Parade of Hearts Across Chicago

Chicago Peace Fellows Intern

2020 Chicago Peace Fellow Cosette Nazon-Wilburn unveiled ten community-created hearts that will be showcased across neighborhoods in Southside Chicago on September 8th. These five-foot tall fiberglass hearts form the “Parade of Hearts,” a community based initiative designed by the LUV Institute with support from the Chicago Peace Fellows Mutual Aid Collaborative.


The hearts were collaboratively designed by peace circles in ten neighborhoods: Chatham, Douglas, Grand Boulevard, Greater Grand Crossing, Hyde Park, Kenwood, Oakland, South Shore, Washington Park, and Woodlawn. The peace circles provided an opportunity for the LUV Institute to partner with three other Chicago Peace Fellows: David Gonzalez, Michelle Day, and Jennifer Maddox.

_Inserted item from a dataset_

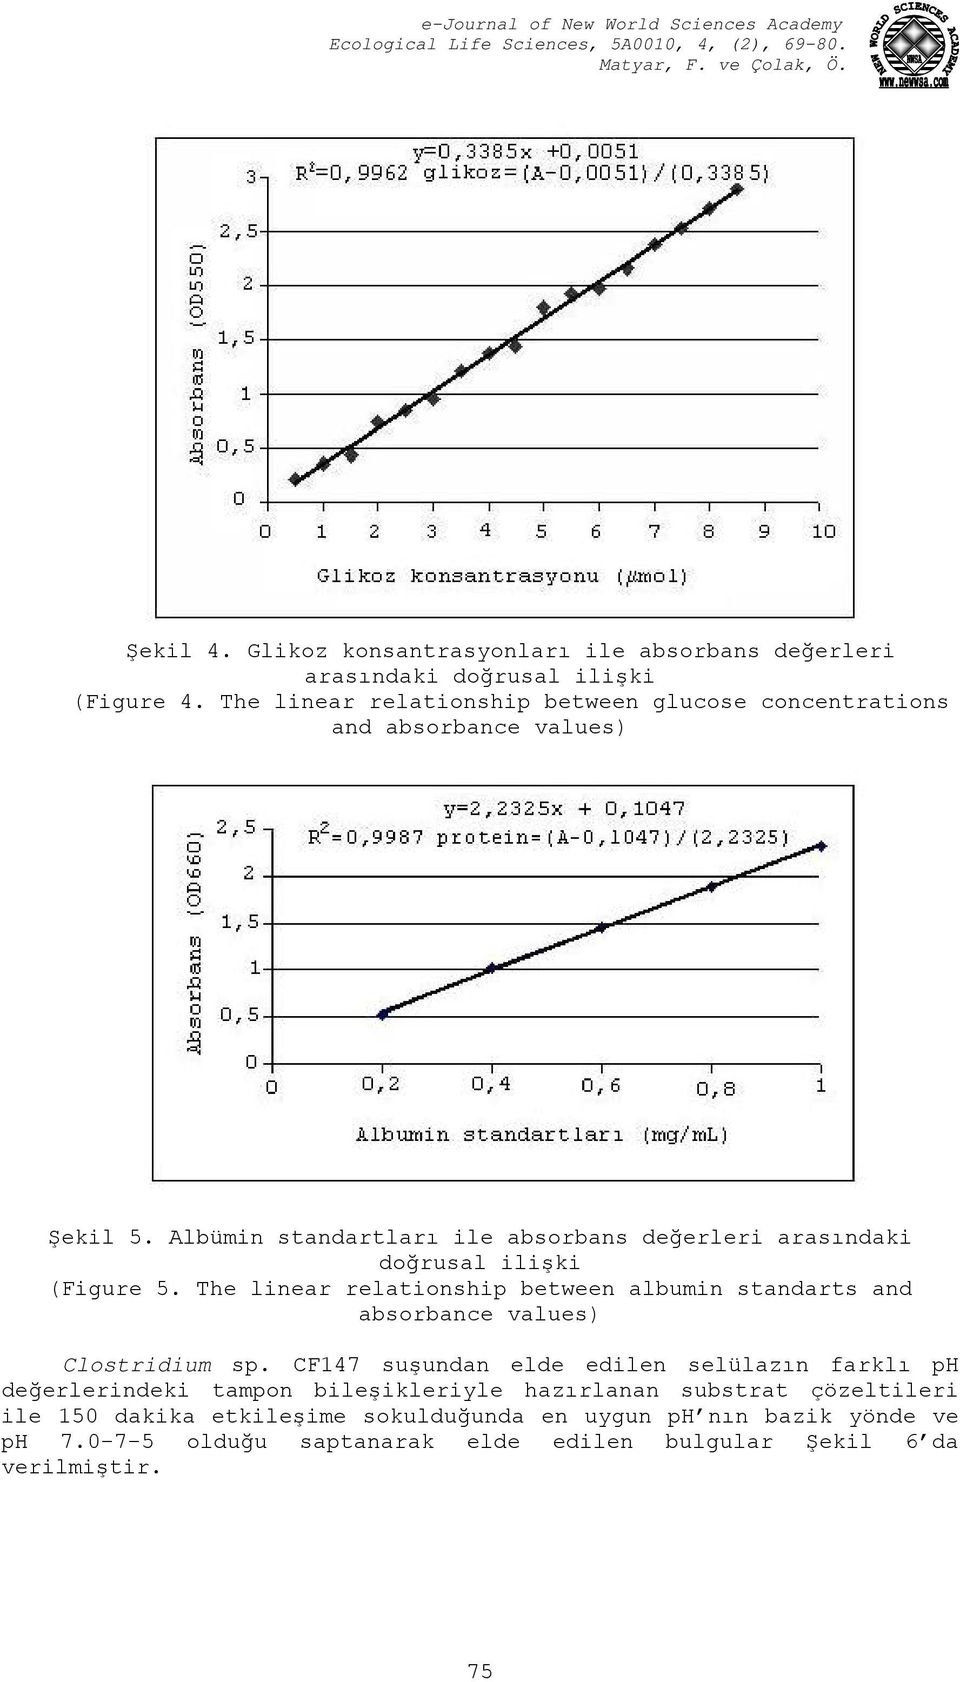 Albümin standartları ile absorbans değerleri arasındaki doğrusal ilişki (Figure 5.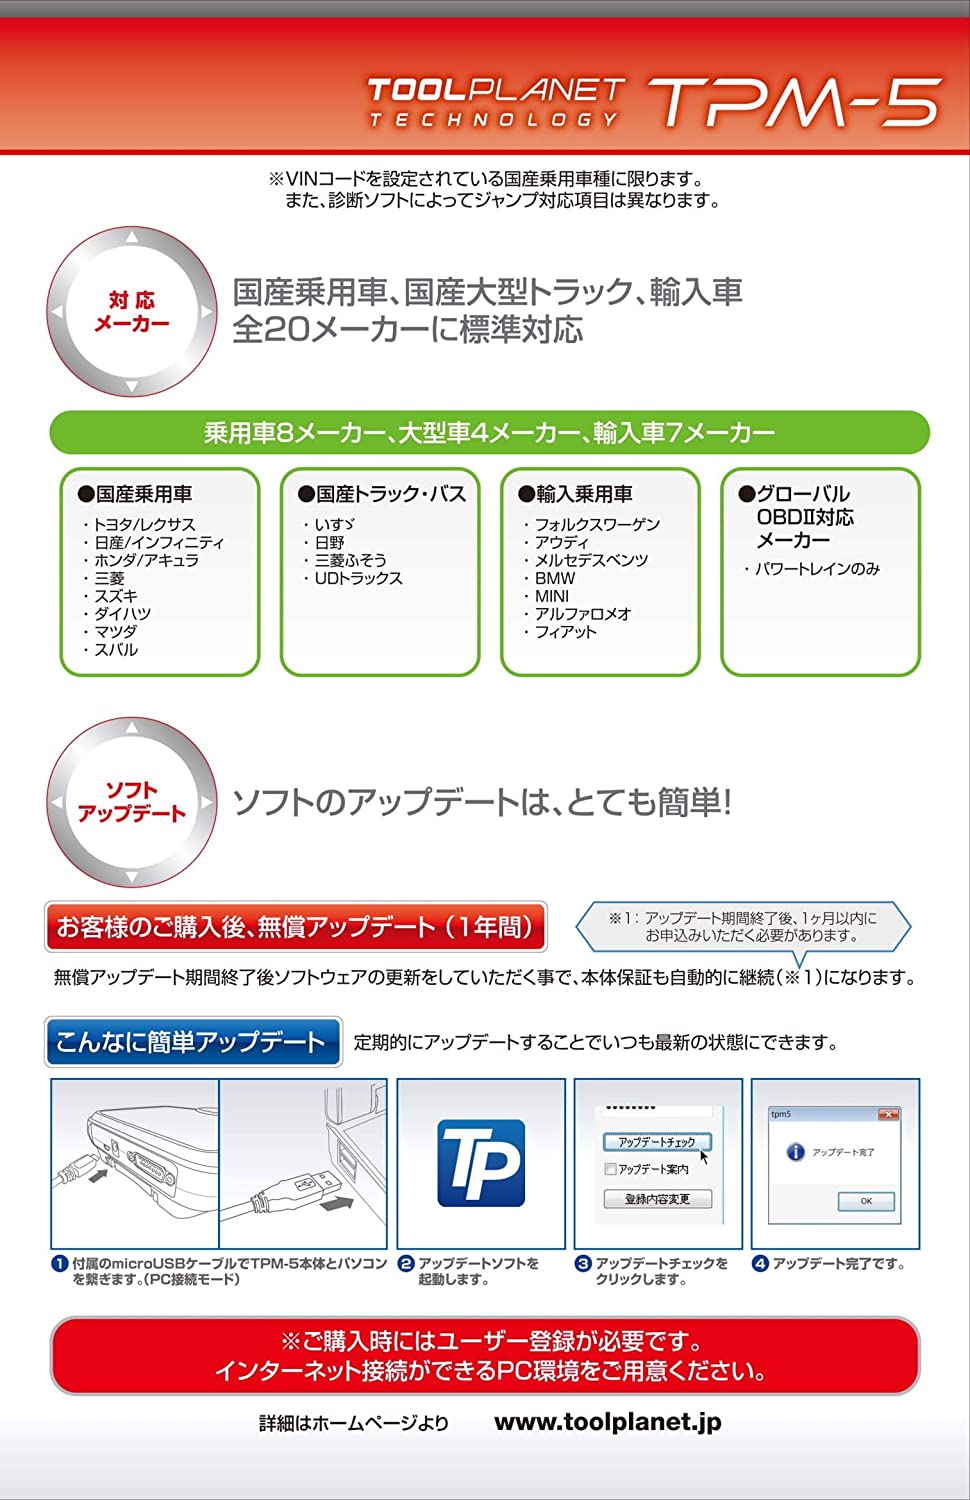 宮地ドットcom-自動車部品・カー用品の専門ショップ- 熊本八代の宮地部品 ツールプラネット TPM-5

In the peace circles, artists and community members came together and discussed how they would like to showcase their neighborhood’s “new normal” in light of the COVID-19 pandemic and recent political tensions.

Ten hearts were showcased at the launch of the Parade of Hearts; each heart will be placed in a South Side community.


Artists acted as community representatives, expressing communal visions of neighborhoods that are beautiful and resilient. One local artist that worked on the project was Damon Lamar Reed, who created hearts for two communities, Nichols Park and Douglas. The heart that he created with the Douglas community is centered around a theme of trust with a man covering a woman’s eyes at its center and a background of stitched patchwork. The patchwork of the heart is meant to evoke memories of mothers patching ripped clothes and making them stronger than they were before. Damon and the Douglas community see this heart as symbolic of their community’s resilience and ability to memorialize the past while creating a stronger community.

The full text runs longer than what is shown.